Description of the task
Everything in the data should be repeated exactly, save for the images.

Data

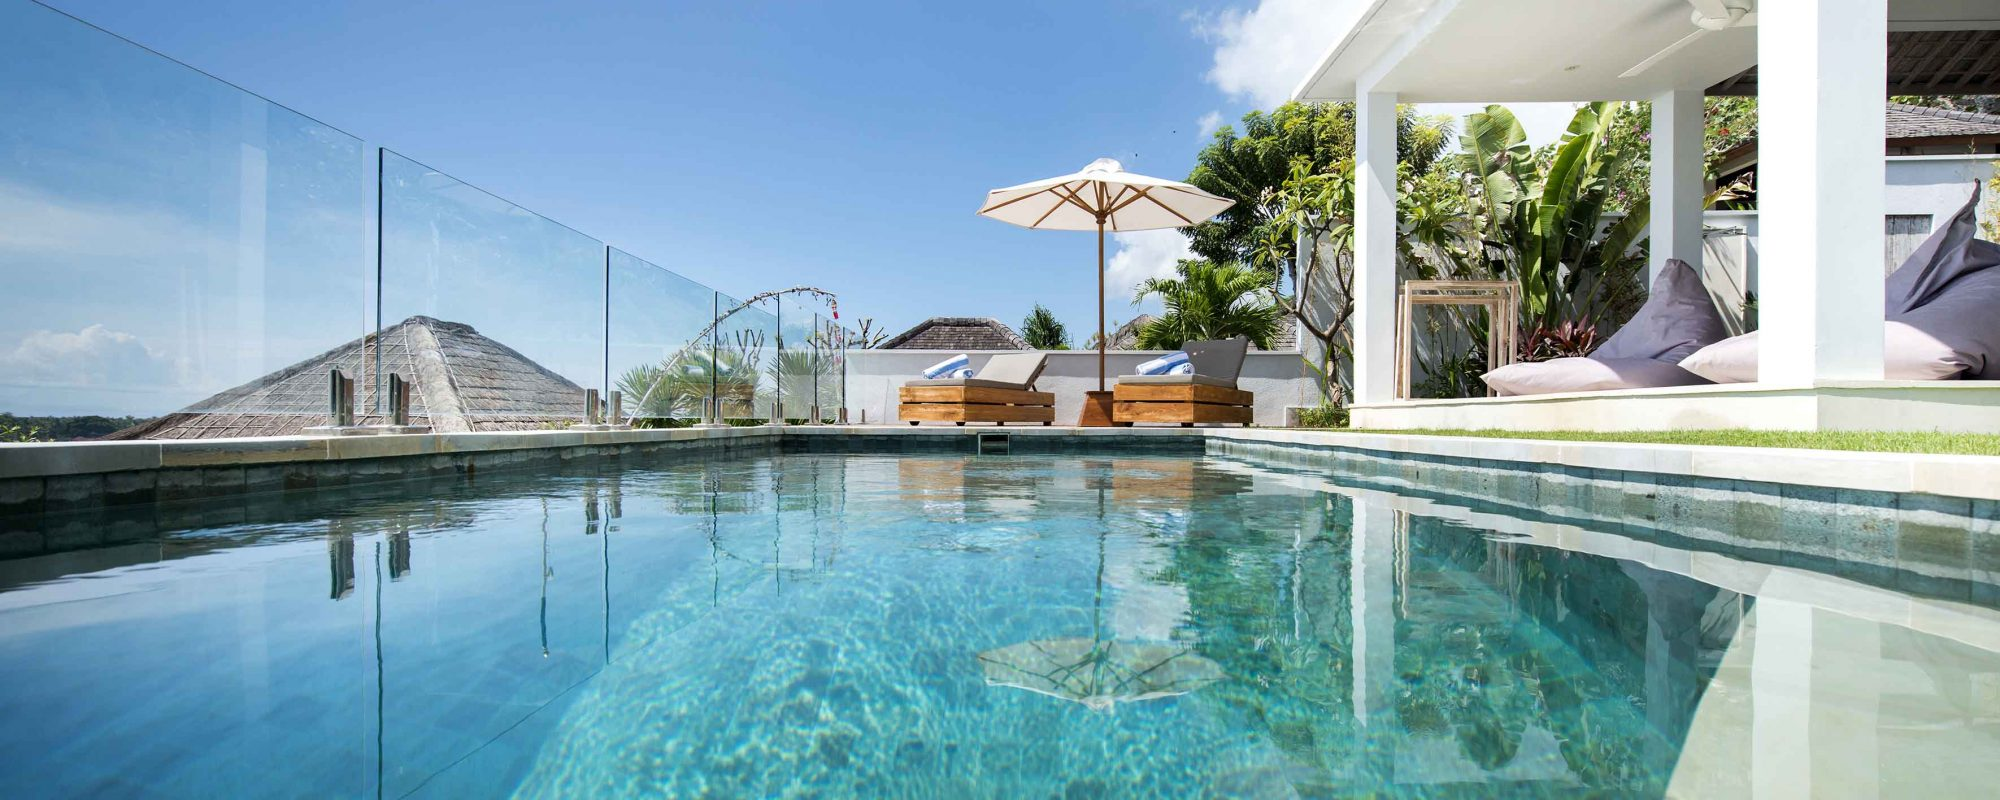 Pool Surf Camp Bali
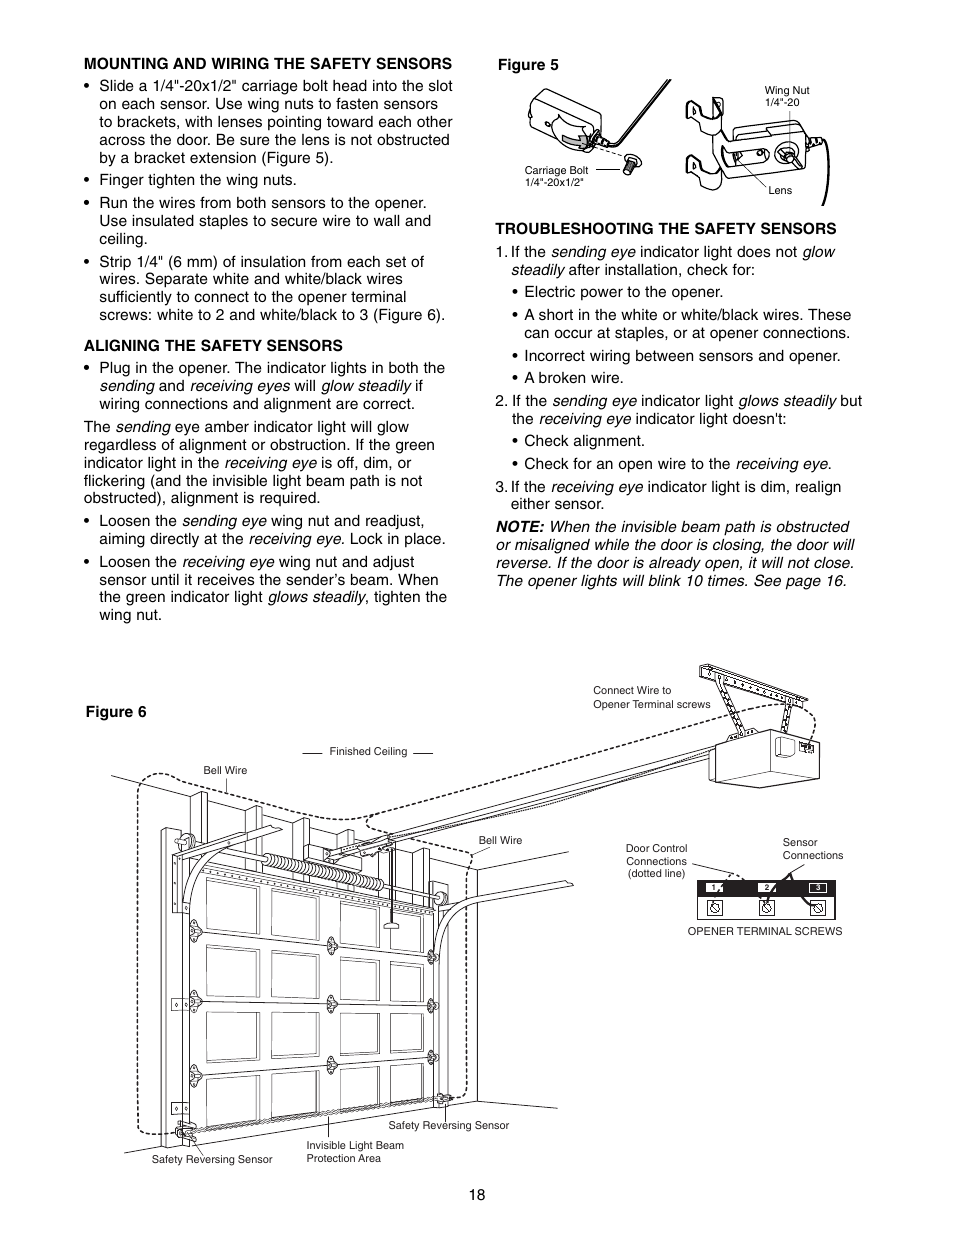 Cloth Wiring Hazards Manual Guide
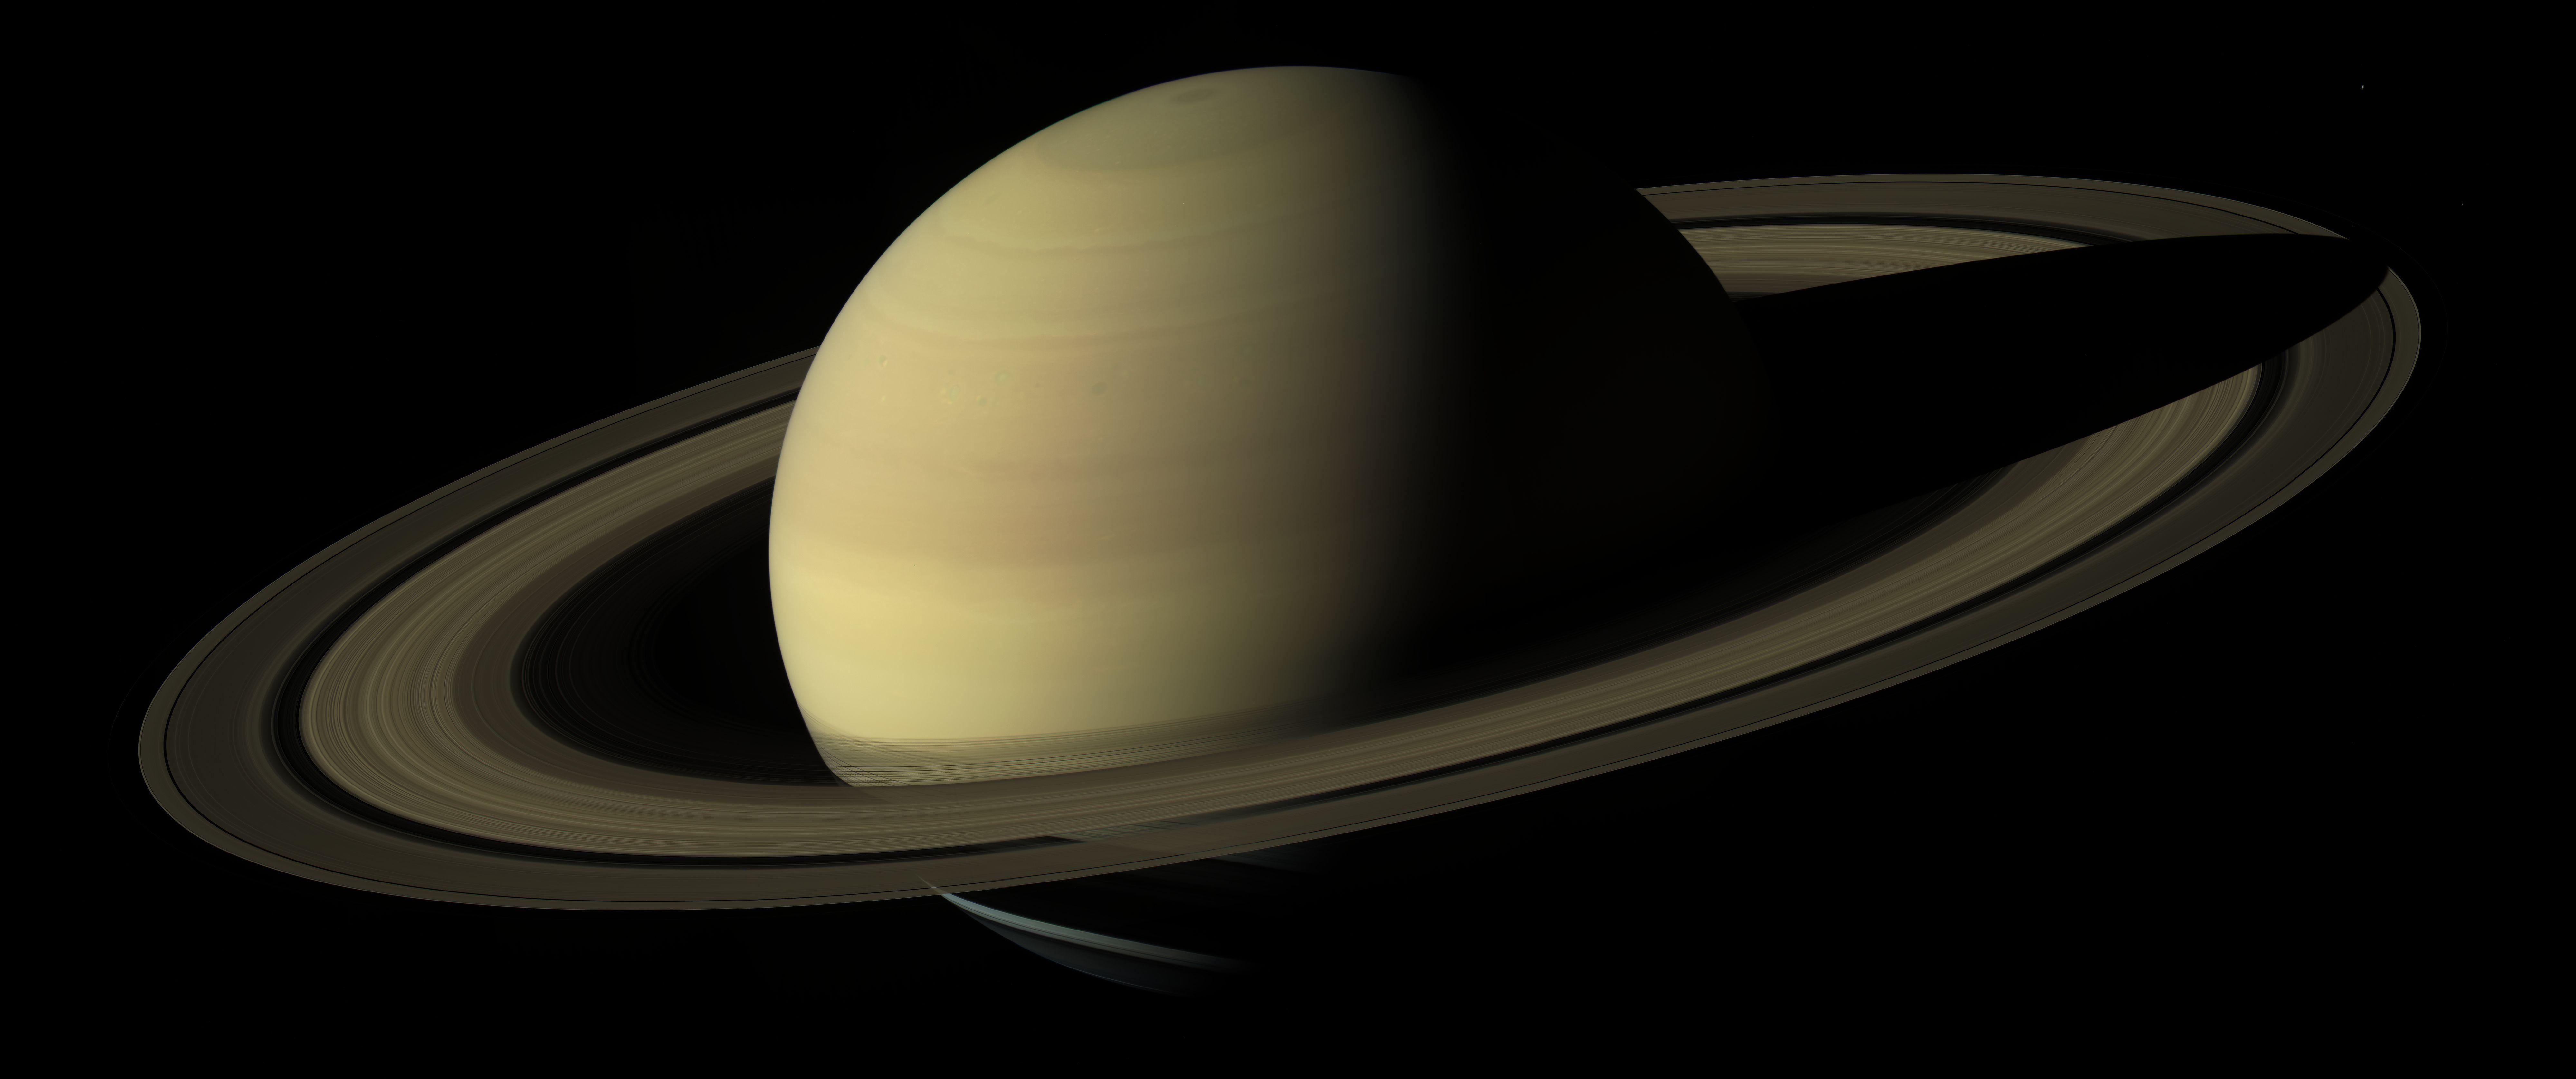 72 Best Free Saturn 4K Wallpapers - WallpaperAccess
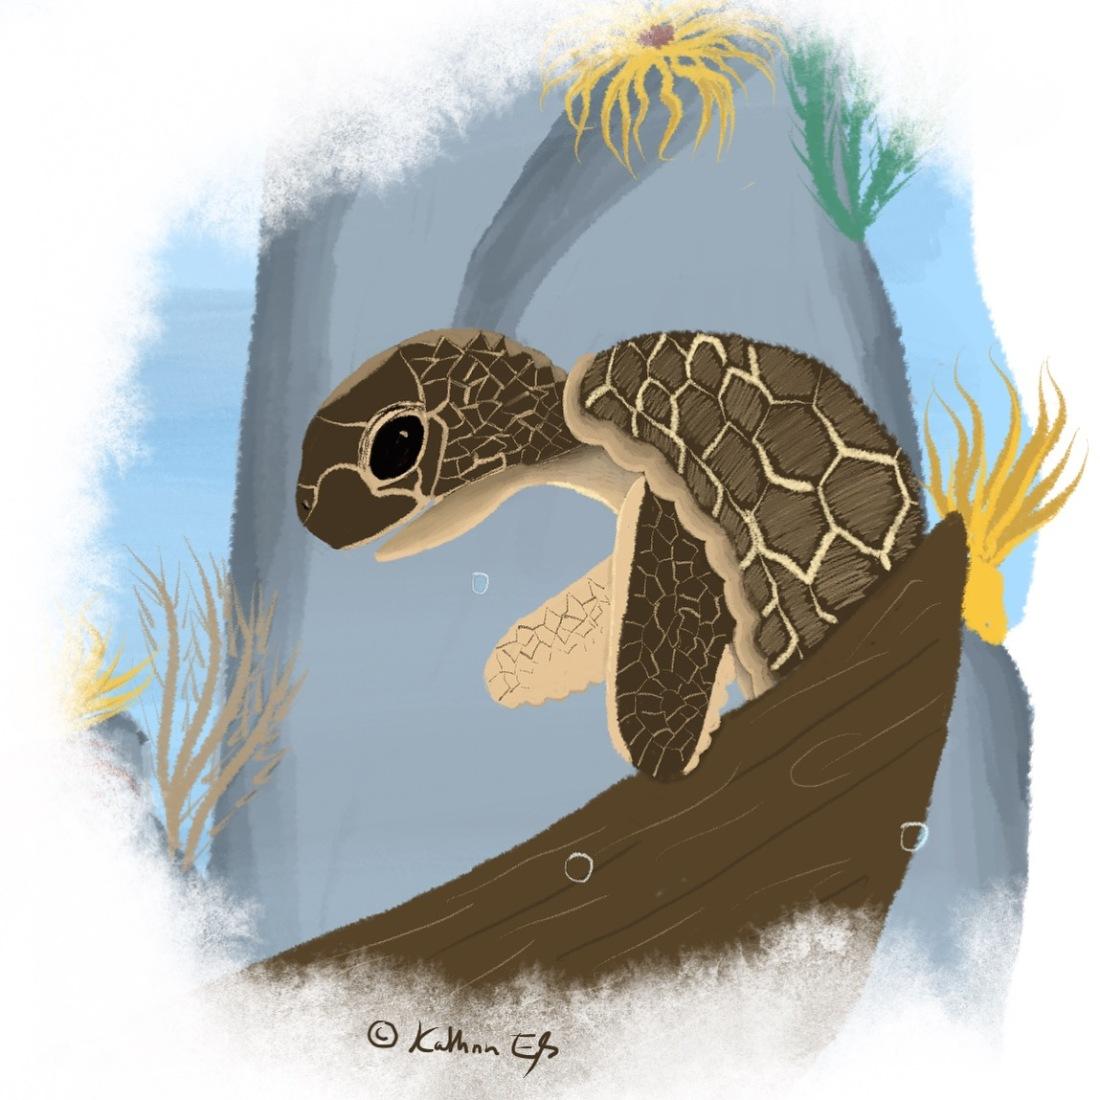 Meeresschildkröte (c) KathrinEß 2018
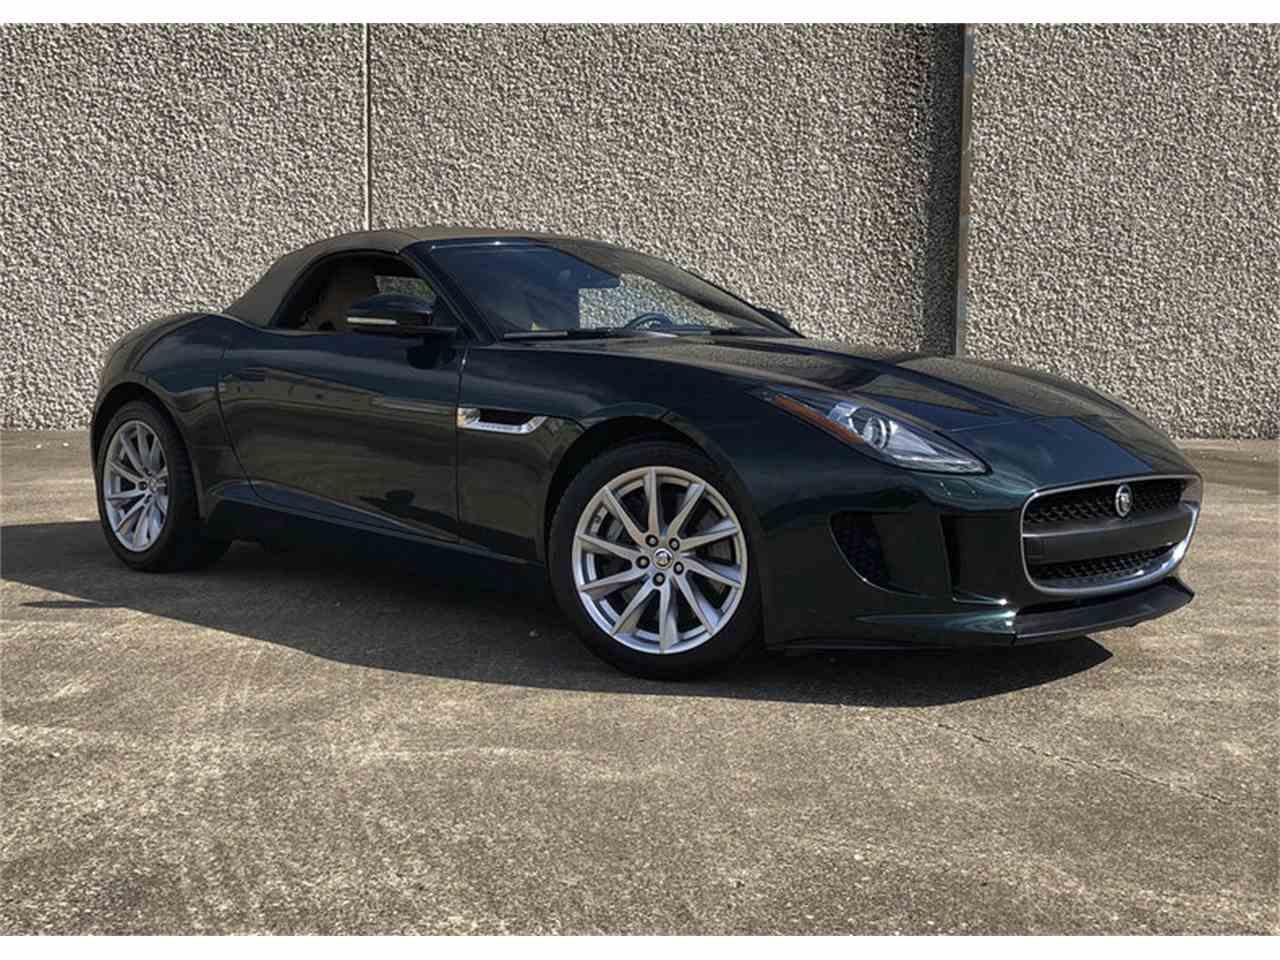 miami north jaguar sale cars salvage f for lot fl type

Answer
 Pool Surf Camp Bali
 Cloth Wiring Hazards Manual Guide
 72 Best Free Saturn 4K Wallpapers - WallpaperAccess
 Meeresschildkröte (c) KathrinEß 2018
 miami north jaguar sale cars salvage f for lot fl type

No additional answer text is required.